According to nginx documentation on limit_req_zone
One megabyte zone can keep about 16 thousand 64-byte states. If the zone storage is exhausted, the server will return the 503 (Service Temporarily Unavailable) error to all further requests.
I wonder in what way these zones get cleared? For example if we have smth like
limit_req_zone $binary_remote_addr zone=one:1m rate=1r/s;
and the number of unique users per a day exceeds 16000 - does it mean that the zone will get overflown and other users will start getting 503 error for the set up location? Or is there a time frame of user's inactivity after which the-user-related-zone-memory will be cleaned?
My main concern here is to set an optimal zone size without a risk of getting it exhausted in case of high-load.
It should be checked, but as I understood lifetime of the zone items relates to the active connections.
So zone=one:1m
can hold up to 16 K unique IPs among currently (simultaneously) active connections (total number of the active connections at the moment can exceed 16 K, because a few connections can be opened from the same IP).

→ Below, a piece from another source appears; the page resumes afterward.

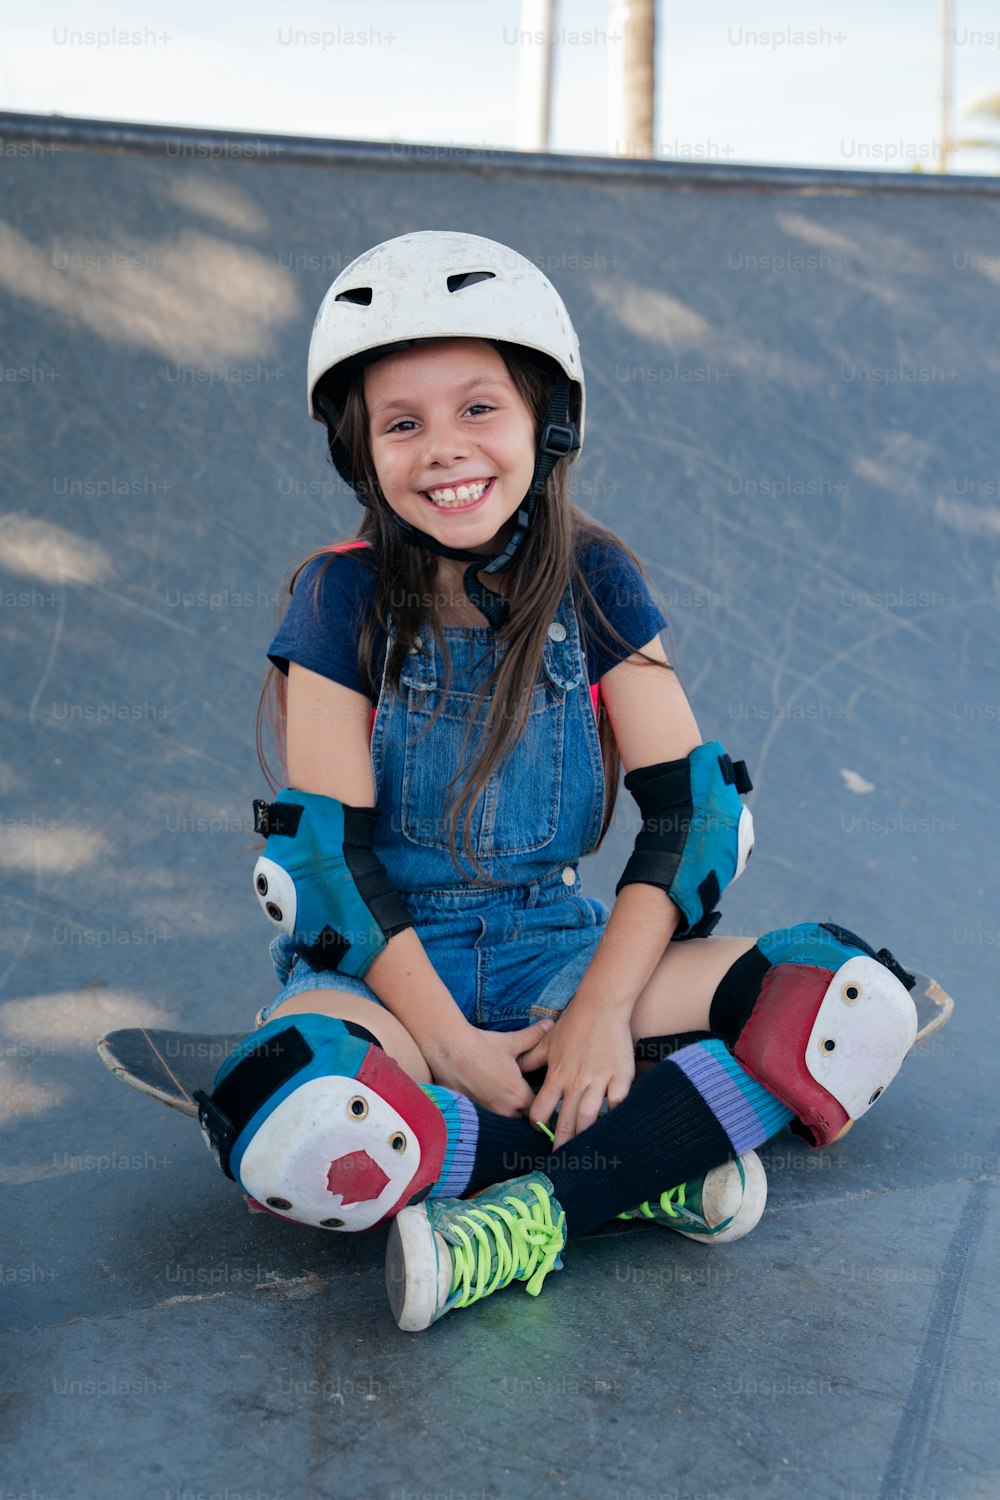 uma jovem sentada em um skate em uma pista de skate

So zone size in mb should be >= number of simultaneous connections from the unique IPs / 16K.
Note that if users share single IP over the NAT that is rather often for USSR providers then you will limit request frequency for the bunch of users that can be very inconvenient for them, so to handle this case you should set rate = simult_users_with_same_ip r/s
If storage is exhausted when NGINX needs to add a new entry, it removes the oldest entry. If the space freed is still not enough to accommodate the new record, NGINX returns status code
503 (Service Temporarily Unavailable)
. Additionally, to prevent memory from being exhausted, every time NGINX creates a new entry it removes up to two entries that have not been used in the previous 60 seconds.
>16K entries a day is nothing to worry about. NGINX wipes entries that are inactive for more than a minute.
But if the number of active entries reaches >16K, it gets problematic, in that it might lose entries (and states) in use.